Israel fears Tel Aviv is next target


The violent escalation around the Gaza Strip last weekend and the launching of Grad rockets at Israeli cities by Islamic Jihad have raised concerns that Tel Aviv may be soon be a target.

"Hamas in Gaza already has dozens of missiles capable of reaching Tel Aviv," said a senior defence official, "and to a lesser degree, Islamic Jihad has similar capabilities. So far they have not crossed the red line by using missiles at such ranges, but it can't be ruled out in the future."

The latest round began last week on Wednesday night, when Islamic Jihad launched a Grad missile that hit the Lachish area, without causing damage or casualties.

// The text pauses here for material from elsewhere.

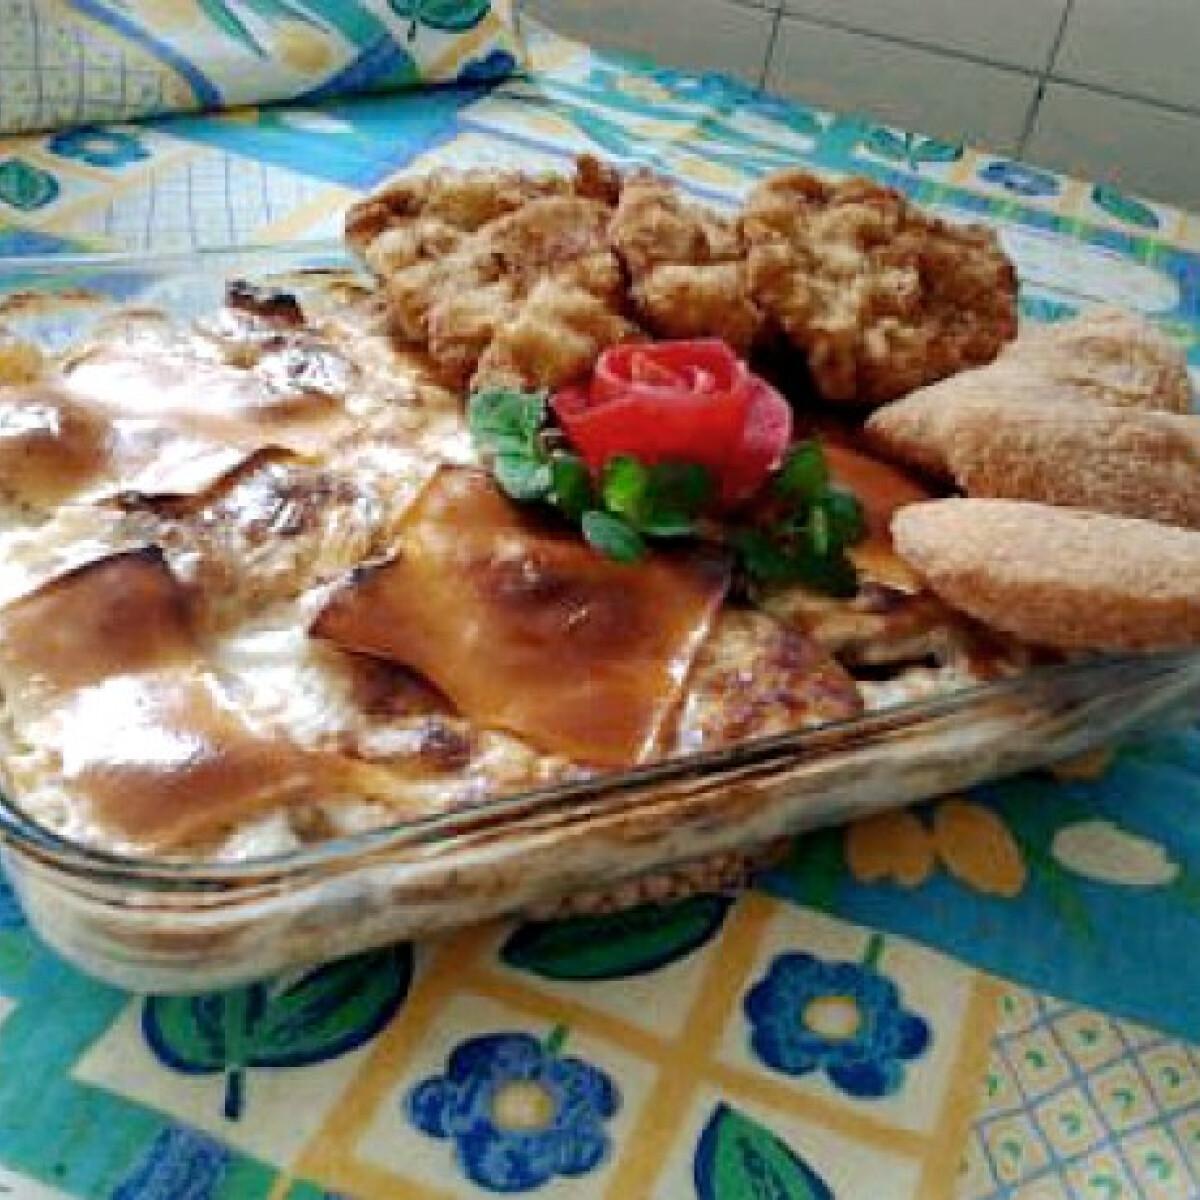 Burgonyatál camembert-rel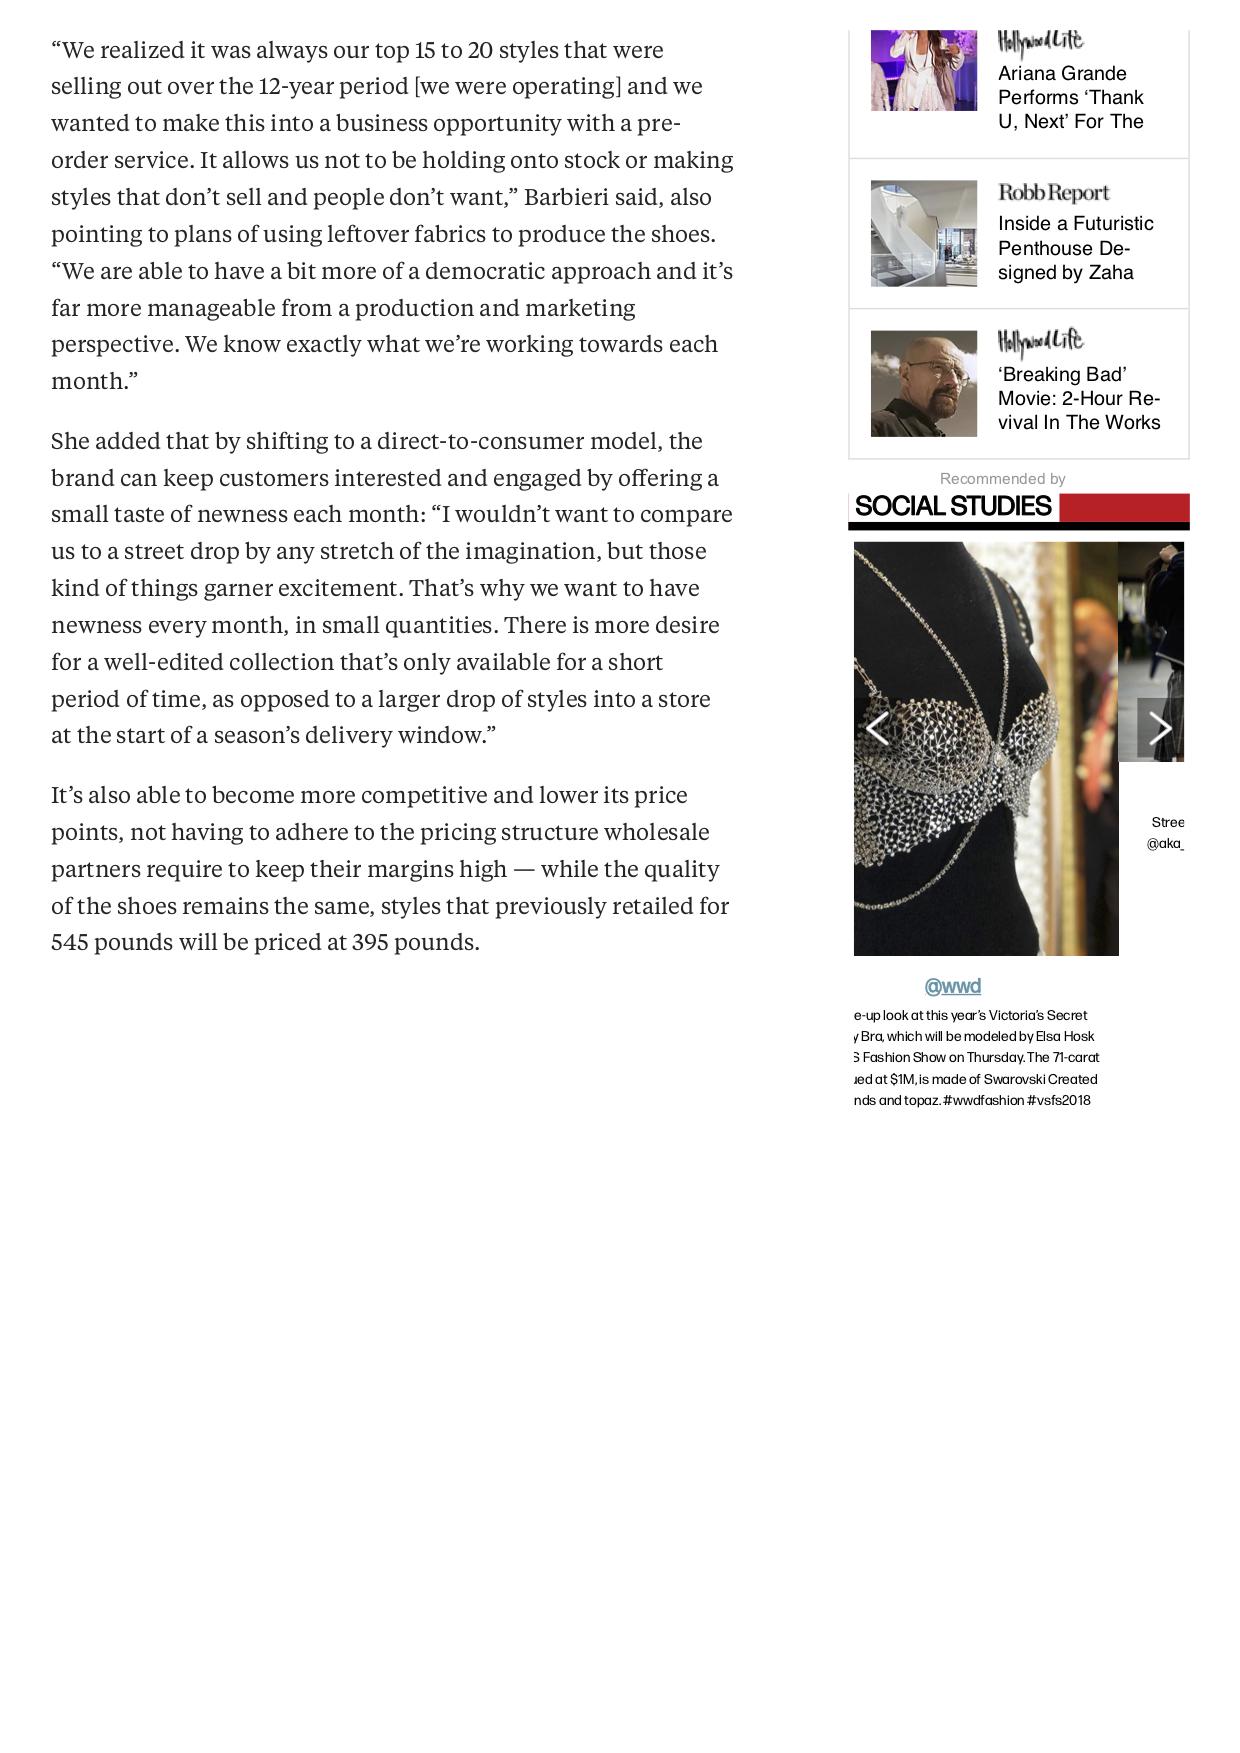 Bionda Castana Returns With Renewed Vision – WWD-3.jpg

The past few weeks, leading up to and immediately following the Shalit prisoner deal, have been peaceful around the Gaza Strip.

Hamas has held fire in recent months; it has been more interested consolidating its control over Gaza and reaping the benefits of the Shalit deal, which has boosted the movement's standing among the Palestinian public.

BBC fact failure

A BBC web report on last weekend's violence detailed fully the Israeli offensives but left out the Palestinian rocket attacks. In addition, the BBC article gave the impression that the Israelis had initiated the exchange, when in fact it was kick-started by Islamic Jihad when it launched a missile at Ashdod on Wednesday last week. The report mentioned only Palestinian casualties. A story posted later by the BBC reported the attacks on Israel, including the initial assault.

Islamic Jihad, which has officially objected to Hamas's policy of restraint, has also been kept in check since the escalation which followed the terror attack north of Eilat in August.

The missile on Wednesday was launched to commemorate the assassination of the movement's founder, Fathi Shkaki, in 1995. In retaliation, Israel carried out limited attacks against Islamic Jihad that night. The next two days were calm until Israel carried out an air attack on a group of Jihad fighters near Rafah on Saturday afternoon. Five were killed, including a member of the group's military council.

According to Israeli military sources, the group had been planning longer-range missile launches against Israel. The attack sparked off an escalation in which over 40 rockets and mortar rounds were fired into Israel over the next three days. One Israeli was killed and three wounded.

In subsequent Israeli attacks on missile crews in Gaza, another five Jihad fighters were killed. An unofficial ceasefire was achieved on Monday, through Egyptian mediators.

Israeli defence sources said that the IDF's attacks were directed at preventing further missile launches. Senior ministers said on record that a wider campaign in Gaza against Hamas and Islamic Jihad is "inevitable".

Meanwhile, the smuggling of advanced missiles into the Strip continues unabated, including arms looted from the Libyan army. In addition to missiles directed at Israeli cities, there is growing concern over shoulder-launched anti-aircraft missiles, which has led to the decision to equip all Israeli passenger airliners flying to Eilat with defence systems.